Now assume you have a SendAPersonByReference() method, which passes a reference type by reference (note the ref parameter modifier):
static void SendAPersonByReference(ref Person p) { // Change some data of "p". p.personAge = 555; // "p" is now pointing to a new object on the heap! p = new Person("Nikki", 999); }
As you might expect, this allows complete flexibility of how the callee is able to manipulate the incoming parameter. Not only can the callee change the state of the object, but if it so chooses, it may also reassign the reference to a new Person type. Now ponder the following updated Main() method:
static void Main(string[] args) { // Passing ref-types by ref.

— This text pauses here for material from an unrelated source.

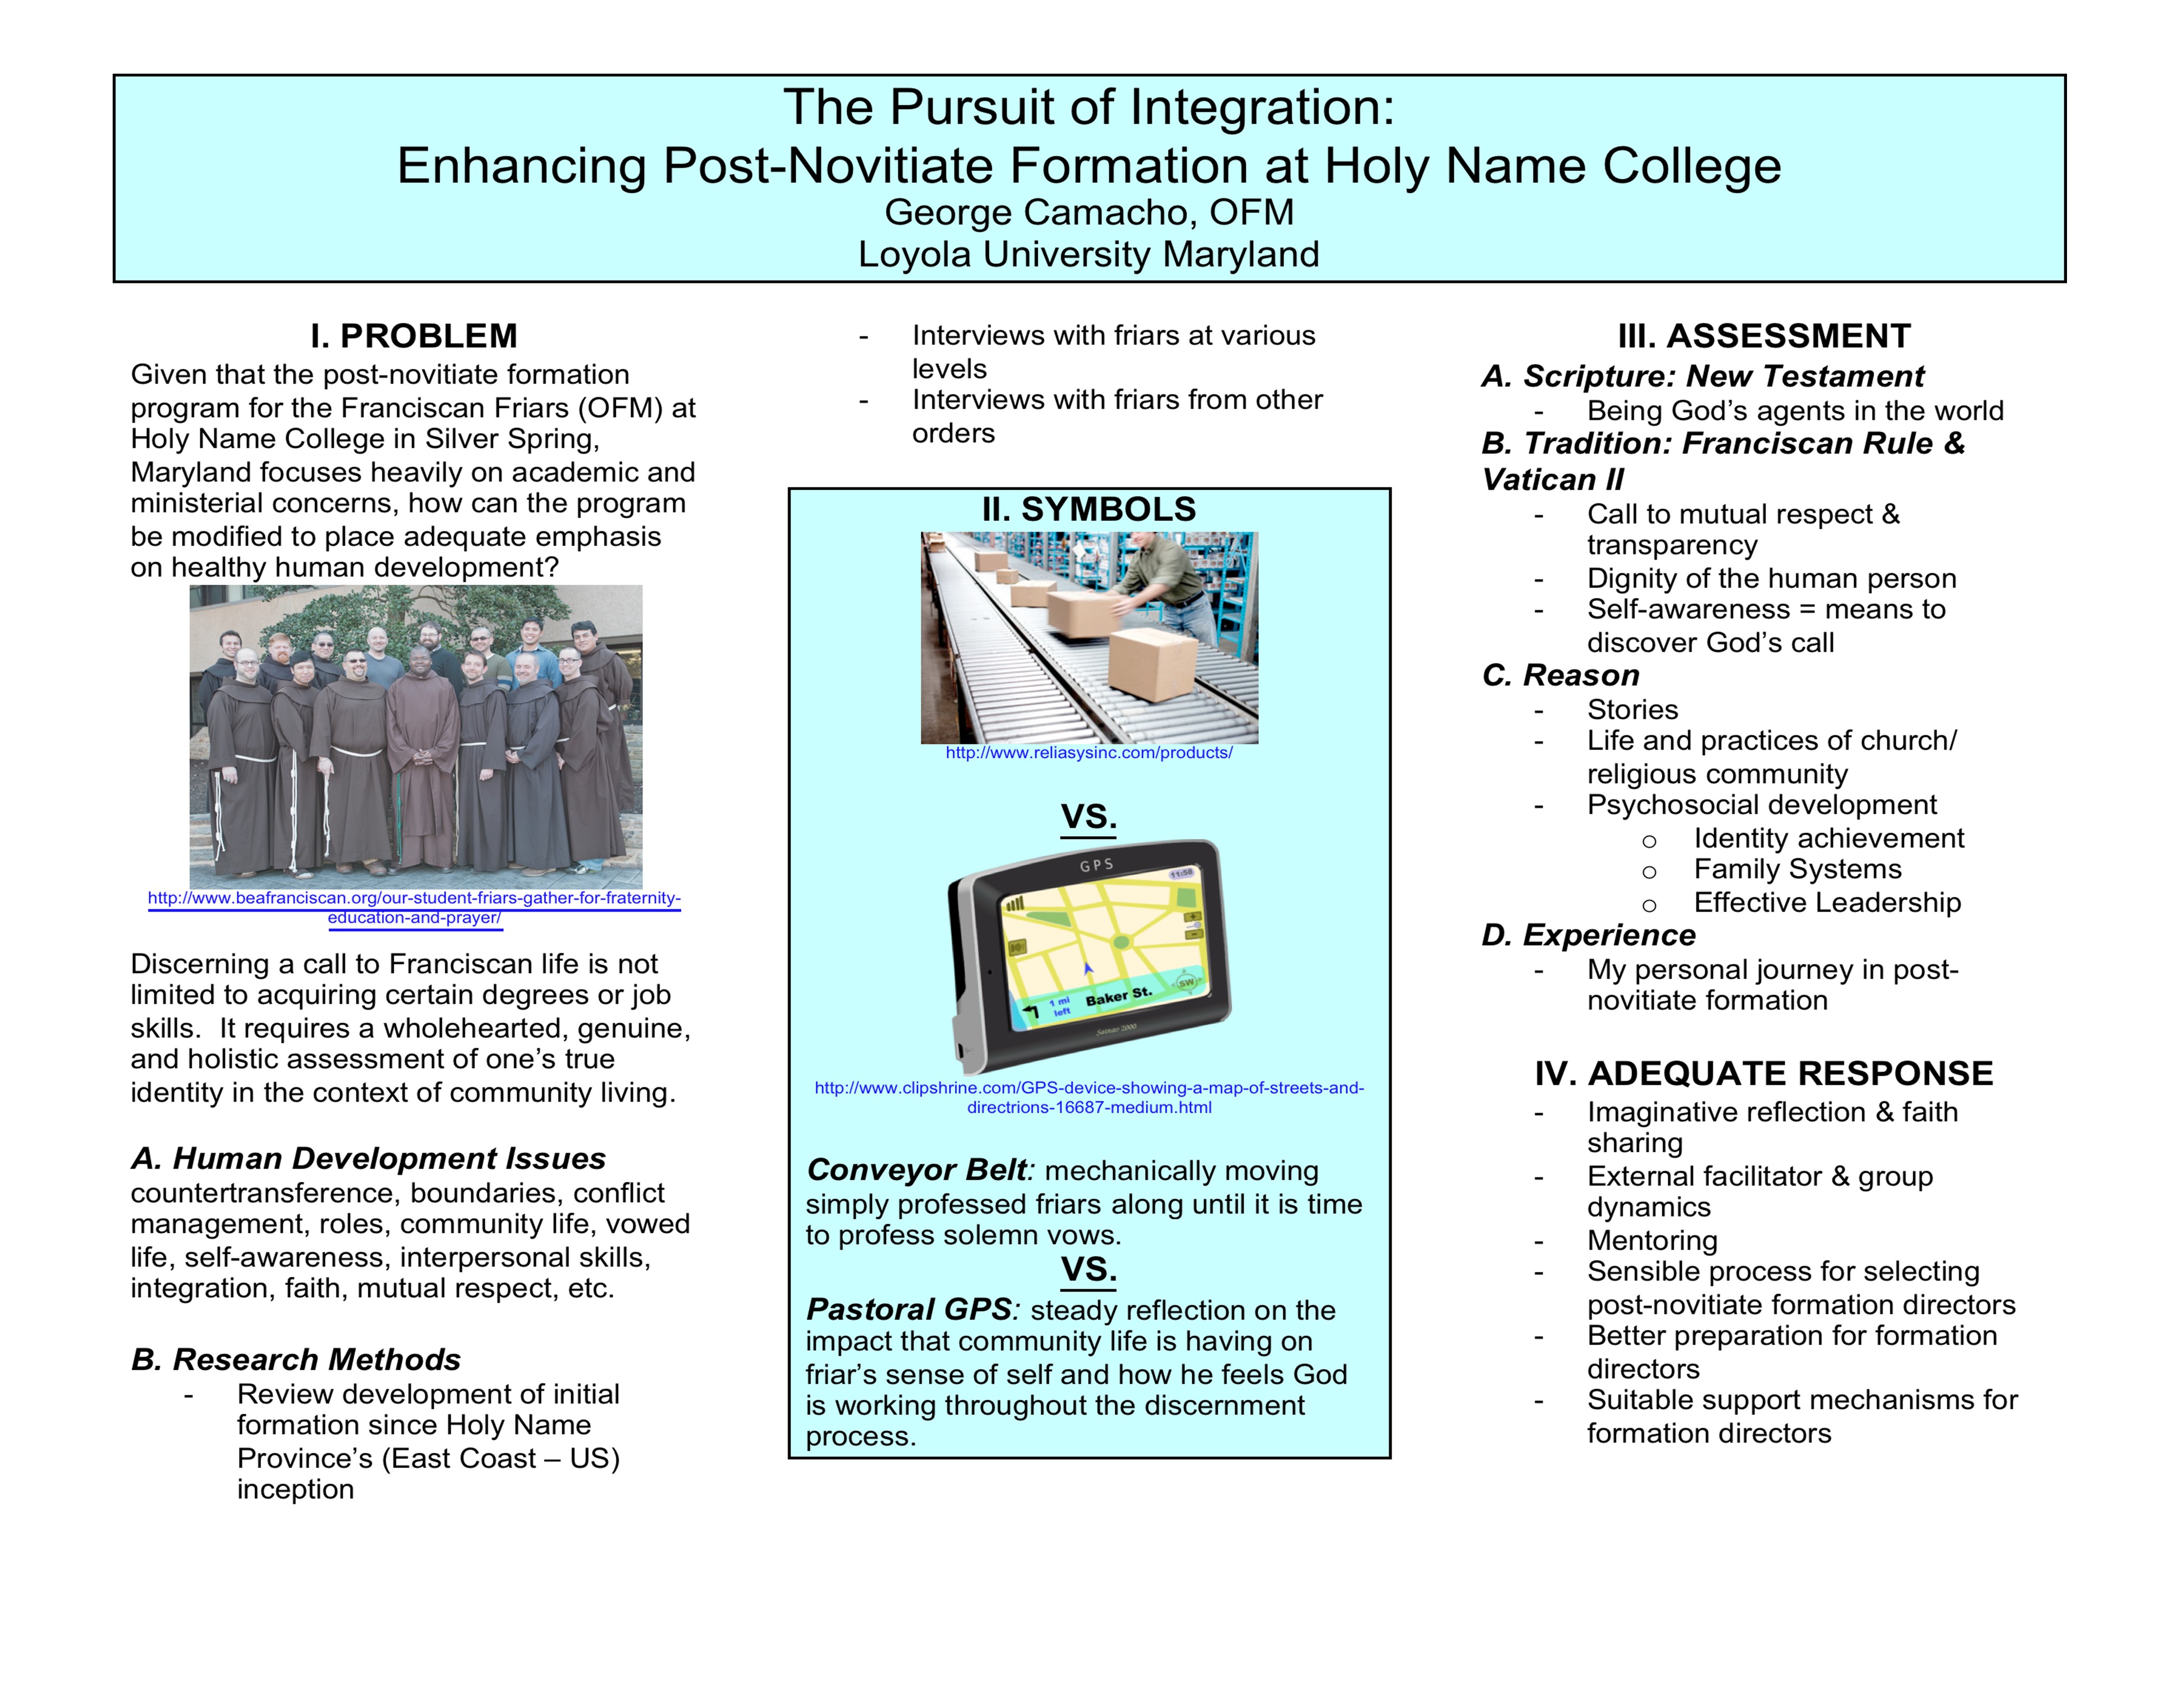 poster image: The Pursuit of Integration: Enhancing Post-Novitiate Formation at Holy Name College

Console.WriteLine("***** Passing Person object by reference *****"); Person mel = new Person("Mel", 23); Console.WriteLine("Before by ref call, Person is:"); mel.Display(); SendAPersonByReference(ref mel); Console.WriteLine("After by ref call, Person is:"); mel.Display(); Console.ReadLine(); }
Notice the following output:
***** Passing Person object by reference ***** Before by ref call, Person is: Name: Mel, Age: 23 After by ref call, Person is: Name: Nikki, Age: 999
As you can see, an object named Mel returns after the call as an object named Nikki, as the method was able to change what the incoming reference pointed to in memory. The golden rule to keep in mind when passing reference types is the following:
To wrap up this topic, consider the information in Table 4-3, which summarizes the core distinctions between value types and reference types.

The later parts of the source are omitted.